Они сели напротив друг друга. Шанталь прикрыла ладонью обрубок другой руки. Смеркалось, воздух наполнился жужжанием насекомых, на небе замелькали черные точки — это летучие мыши слетались на ветви эвкалипта.
— Вы с вашими вопросами больше похожи на полицейского, — сказала она. — Вот все, что я могу сказать: отец Данн приехал или был послан сюда потому, что старый священник, отец Тореки, приходился ему дядей, он — родной брат его матери, которая умерла.
— Да? — спросил Лорент. Информация его заинтересовала.
— Раз в пять лет, — продолжала Шанталь, — отец Тореки отправлялся домой, в Америку, чтобы чтением проповедей заработать денег для своей миссии. И всякий раз он останавливался у родителей отца Данна, с тех пор как Терри был еще ребенком.
— И за время этих визитов старик, видимо, хорошенько промыл мальчонке мозги рассказами об АФРИКЕ, о том, как живет там среди дикарей, которые раскрашивают себе лица и закалывают львов копьями, — заметил Лорент.
— Вы хотите говорить или слушать? — спросила Шанталь.
Лорент приглашающим жестом махнул в воздухе бокалом.
— Продолжай.
— За эти годы, — сказала Шанталь, — он и отец Тореки очень сблизились и начали активно переписываться. Никто не промывал Терри мозги. Просто отец Тореки научил мальчика быть таким же, каким был он сам, — заботиться о людях. — Лорент кивнул, поджав губы. — Отец Данн сказал, что это мать убедила его стать священником. Говорила, как она будет гордиться им, и все такое.
Лорент снова кивнул:
— Это понятно, за матерями такое водится.
— Его мать, — продолжала Шанталь, — каждое утро в течение всей жизни вставала в шесть часов и шла к мессе и причастию. Она и отца Данна привела в церковь — как только он подрос, стал служить алтарным мальчиком. Отец Данн говорил, что его мать была очень религиозной, каждый день молилась, чтобы он стал священником.

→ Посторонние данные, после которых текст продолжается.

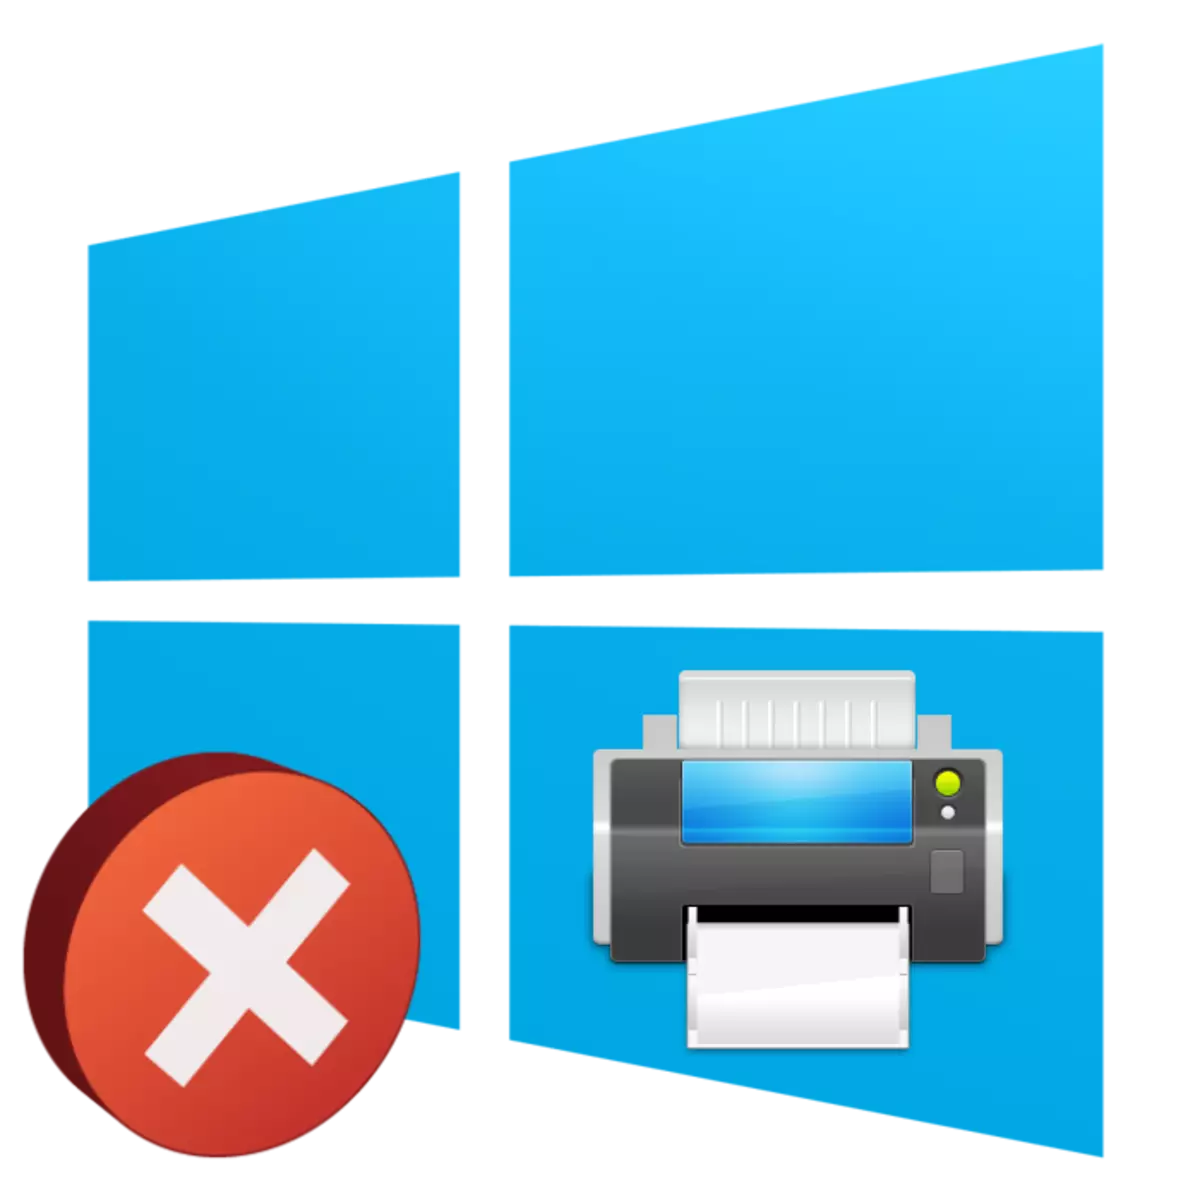 Lokalny podsystem drukowania nie jest wykonywany w systemie Windows 10

Лорент наблюдал, как экономка подносит свой бокал к губам, чтобы отпить виски, видимо обдумывая, что сказать дальше. Наступила пауза. Лорент нарушил ее:
— Вот он им и стал, когда вырос.
Он ждал, но экономка, видно, слишком глубоко ушла в свои мысли, поглаживая пальцами обрубок руки. Но вот она заговорила снова:
— Да, пришло время, и он поступил в семинарию в Калифорнии. Братство Святого Дисмаса. Я видела это название на его бумагах. Святой Дисмас был африканец, его распяли вместе с Господом. Не успел отец Данн приехать сюда, как недели через две здесь началась резня.
На этот раз задумался Лорент, осмысливая услышанное.
— Ты уверена, что он учился на священника?
— Он мне сам так сказал. — Лорент продолжал смотреть на нее молча, и она добавила: — Он мне не лжет, если вы подумали об этом. Ему просто незачем. Кто я ему? Я не причиню ему неприятностей, даже если бы и могла.